А рязанка шла впереди нас рядом с толстомордым парнем; он раскис и бормотал что-то невнятное, а она, высоко подняв голову, чётко говорила тоном матери:

– Ты – молоденький, тебе не надо с разбойниками якшаться…

Медленно бил колокол, и встречу нам со дворов выползали чисто одетые старики и старухи, пустынная улица оживала, коренастые хаты смотрели приветливее.

Звонкий девичий голос кричал:

– Ма-ам?
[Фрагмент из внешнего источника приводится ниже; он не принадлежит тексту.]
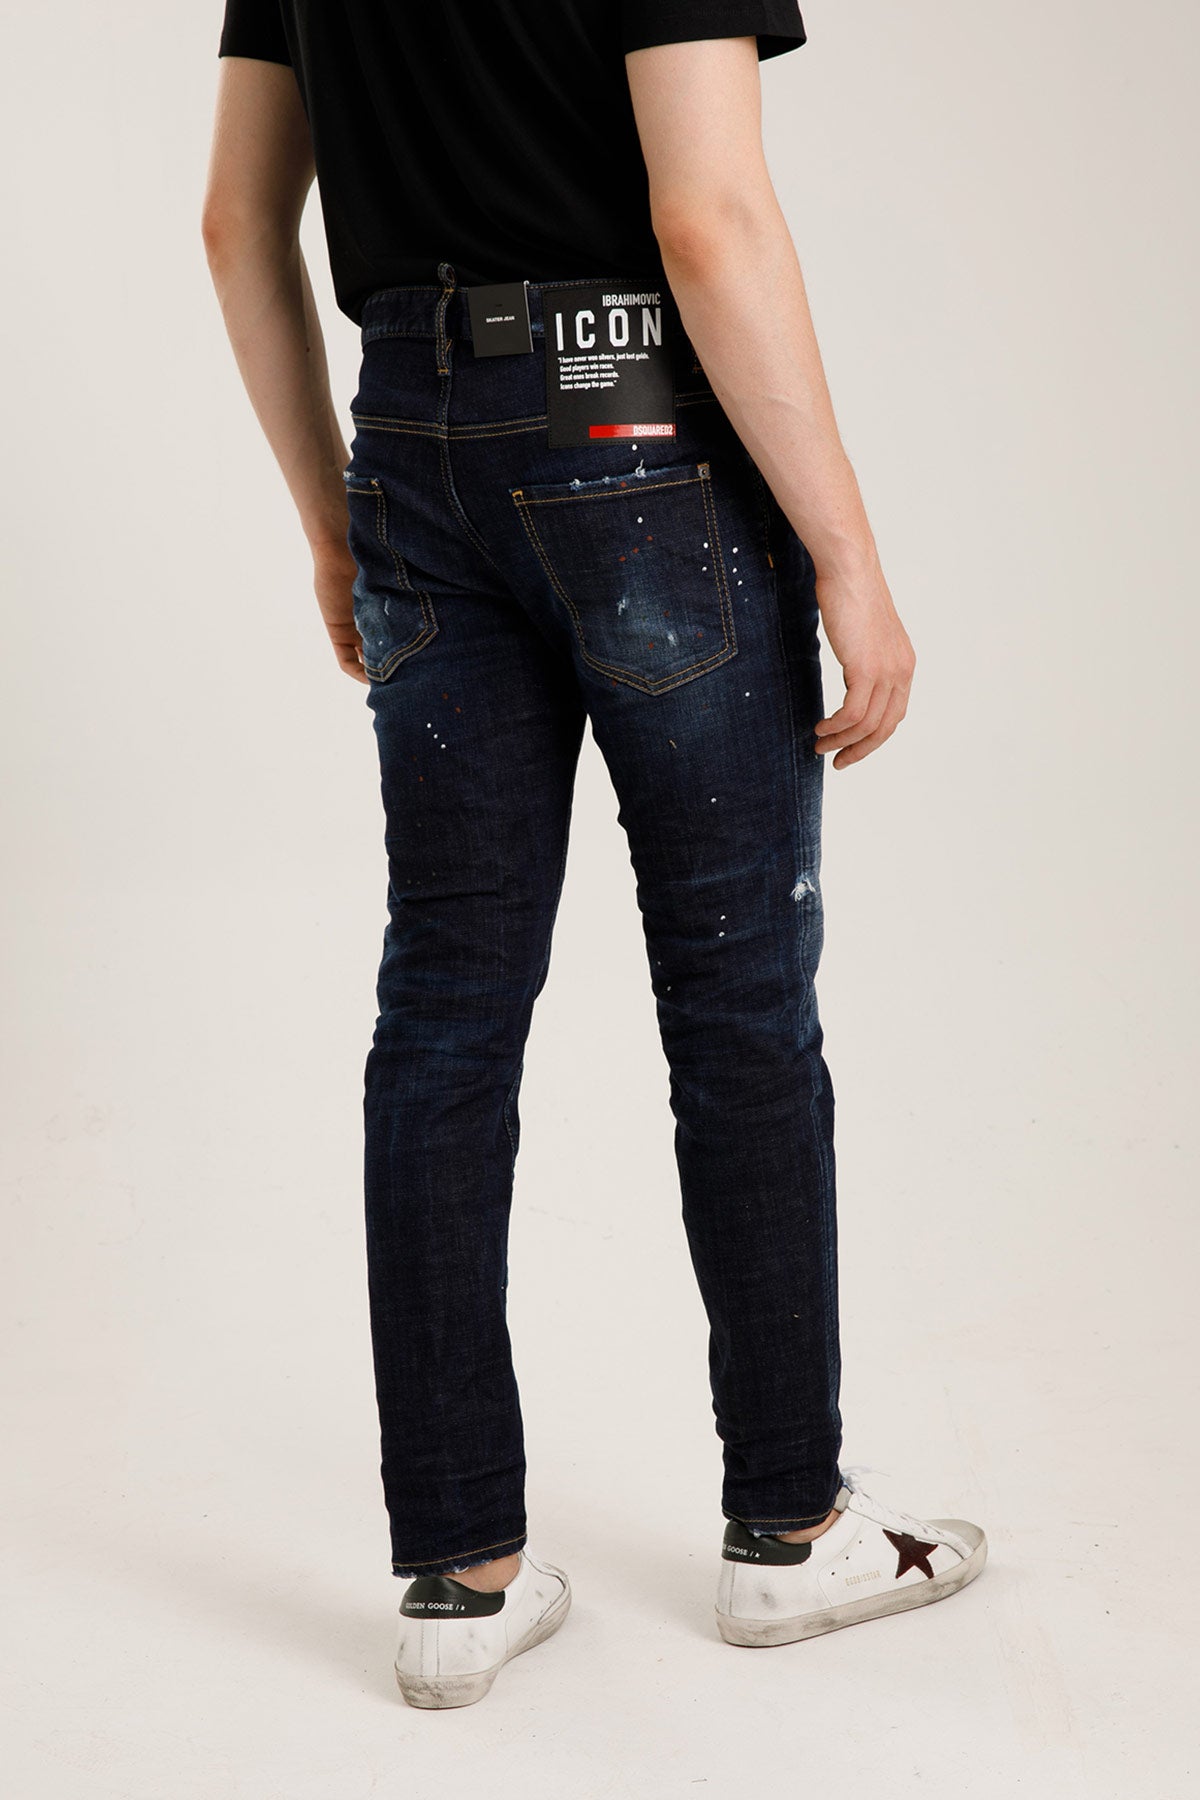 Dsquared Ibrahimovic Icon Skater Jeans-Libas Trendy Fashion Store

Мамка! Ключ от зелёного сундука – где? Ленты взять…

Мычали волы, отвечая зову колокола глухим эхом.

Ветер стих; над станицей замедленно двигались красные облака, и вершины гор тоже рдяно раскраснелись. Казалось – они тают и текут золотисто-огненными потоками на степь, где, точно из камня высеченный, стоит на одной ноге аист и слушает тихий шорох уставших за день трав.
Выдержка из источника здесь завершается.